De la loi de 1881 vont découler des restrictions dans l'application du principe de liberté de publication. Elle sont apportées à titre d'exception. En contradiction avec le principe de publicité des décision, les tribunaux ont parfois restreint ce principe du fait de l'abus de cette liberté de diffusion de l'information. Au cas où la volonté de nuire, par la publication, pourrait être établie, il serait alors éventuellement possible d'obtenir une condamnation pour diffamation

Le régime générale du principe de liberté de publication des décisions

Puisque le principe est également en droit commun celui de la publicité, les médias sont normalement libres de contribuer à cette publicité; Elle est exigée par la loi,à peine de nullité, mais n'est pas limitée à l'enceinte du prétoire; au contraire, il entre dans la mission du journaliste de donner à cette publicité un caractère extensif en vue d'informer le public, qui pratiquement, ne peut avoir connaissance, autrement que par la voie de la presse, des décisions susceptibles de lui permettre de régler sa conduite ». La justice est rendue au nom et pour le peuple, le principe de la publicité des décisions de justice et le relai des médias offre un accès public légitime a la Justice et à ses actions, au même titre que les comptes rendus judiciaires.

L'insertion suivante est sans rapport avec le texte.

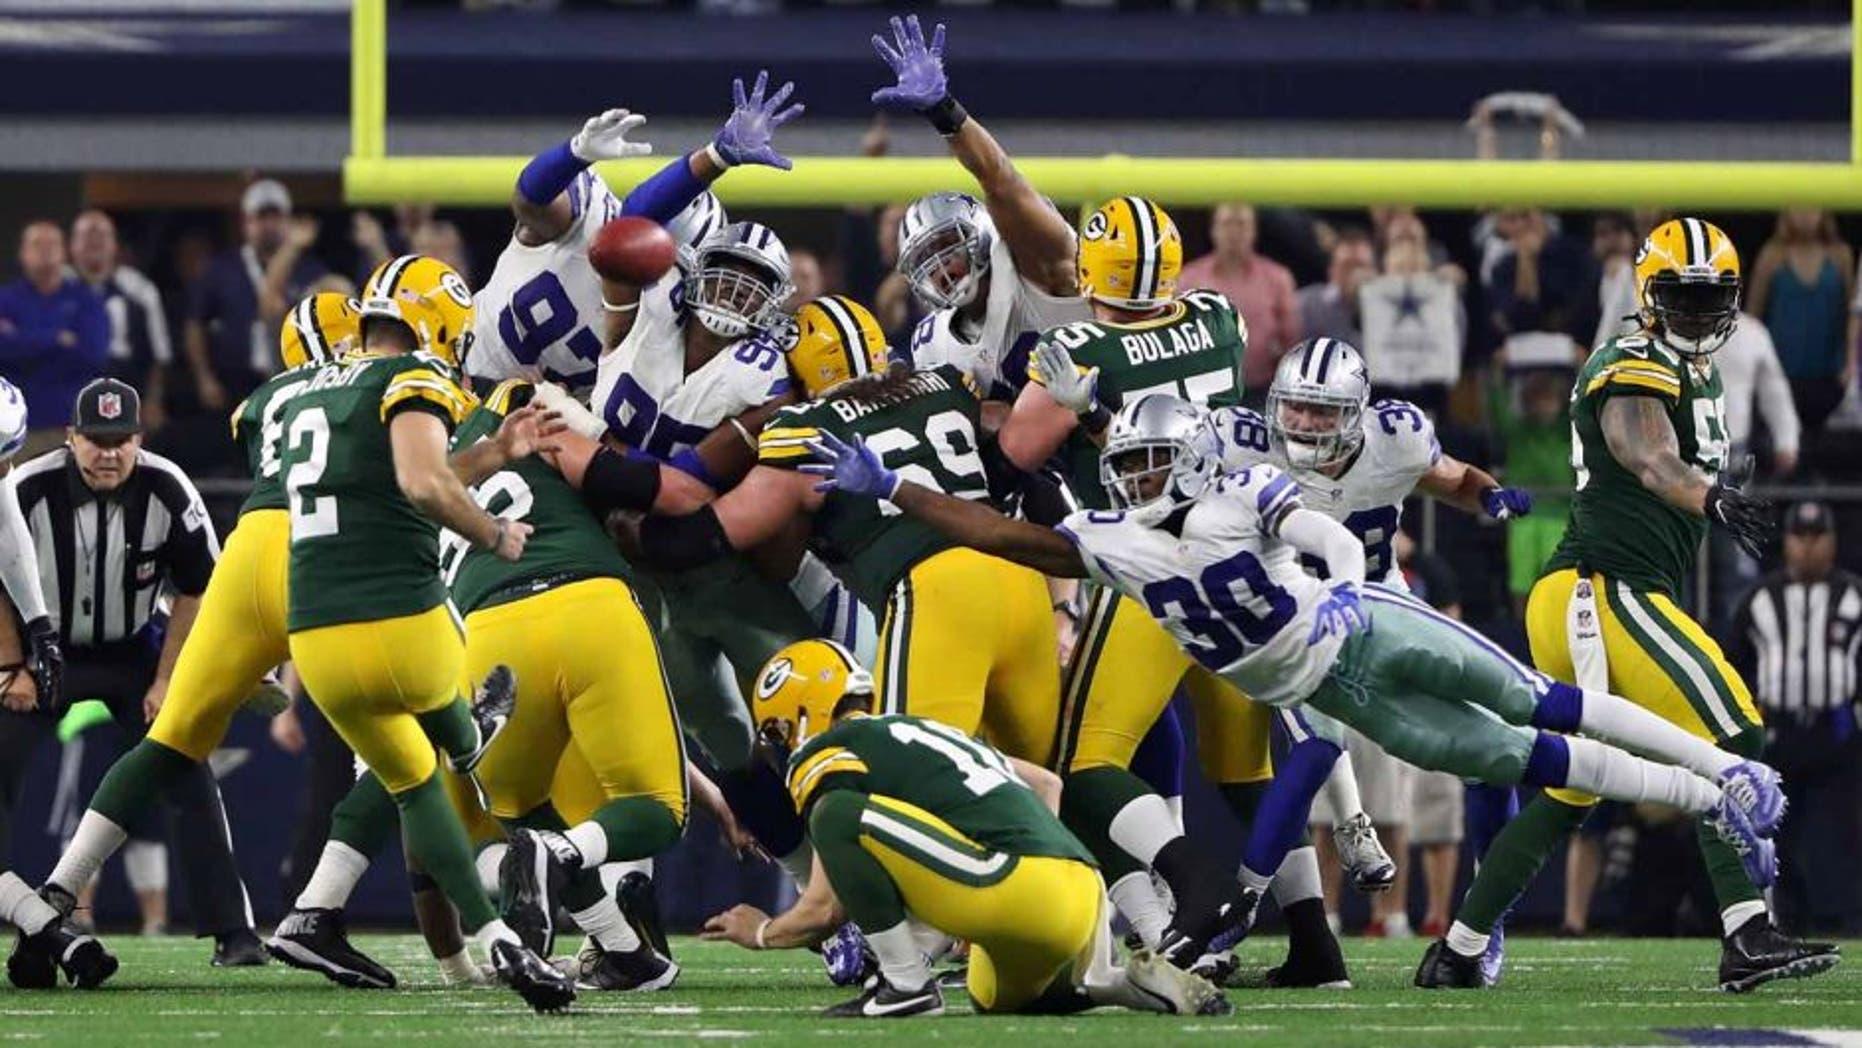 Jan 15, 2017; Arlington, TX, USA; Green Bay Packers kicker Mason Crosby (2) kicks the game winning field goal during the fourth quarter against the Dallas Cowboys in the NFC Divisional playoff game at AT&T Stadium. Mandatory Credit: Kevin Jairaj-USA TODAY Sports

L'atténuation de l'impact médiatique

La loi du 4 Janvier 1993 a donné au juge d'instruction et à la chambre d'instruction la possibilité d'ordonner des publications judiciaires à la suite d'un non lieu. L'objectif de ces dispositions vise à atténuer les impacts médiatiques que peuvent avoir les éléments et dossiers d'instruction relatés dans la presse écrite ou audiovisuelle. Il s'agit donc d'informer les lecteurs, auditeurs, spectateurs, que telle affaire portée précédemment à leur connaissance a finalement aboutit à un non lieu. Les domaines de ces articles est limité à la phase de l'instruction, donc il ne concerne pas les classements sans suites et les décisions de relaxe ou d'acquittement. Ce sont les juridictions de l'instruction qui déterminent la teneur de la communication diffusée.

L'atténuation du principe due à la minorité

Certaines exceptions au principe de publicité des décisions peuvent être ici aussi apportées. Les seules exceptions légales explicites concernent les jugements de mineurs délinquants. L'article 14 de l'ordonnance du 2 Février 1945, limitant déjà la publicité des débats des tribunaux pour enfants, indique que pourra être publié la décision d'une décision concernant un mineur délinquant mais sans mention de son nom, même par initiale.

La reproduction par des tiers

Le principe de publicité permet également aux tiers de se faire délivrer des copies des jugements prononcés publiquement. Les éditeurs de banques de données jurisprudentielles font partie de ces tiers et sont donc libres de reproduire les ordonnances, jugements et arrêts y compris les ordonnances ou arrêts de non-lieu dès lors qu'aucune disposition législative ne le leur interdit. Le nom des parties est obligatoirement mentionné dans les décisions de justice qui les concernent, ne serait-ce que pour les leur rendre opposables. Le nom des parties apparaît donc sur les reproductions des décisions.

Tant que les décisions de justice étaient publiées dans des recueils spécialisés consultés essentiellement par les professionnels du droit et les étudiants des facultés de droit, la mention du nom de ces protagonistes ne posait pas de réel problème.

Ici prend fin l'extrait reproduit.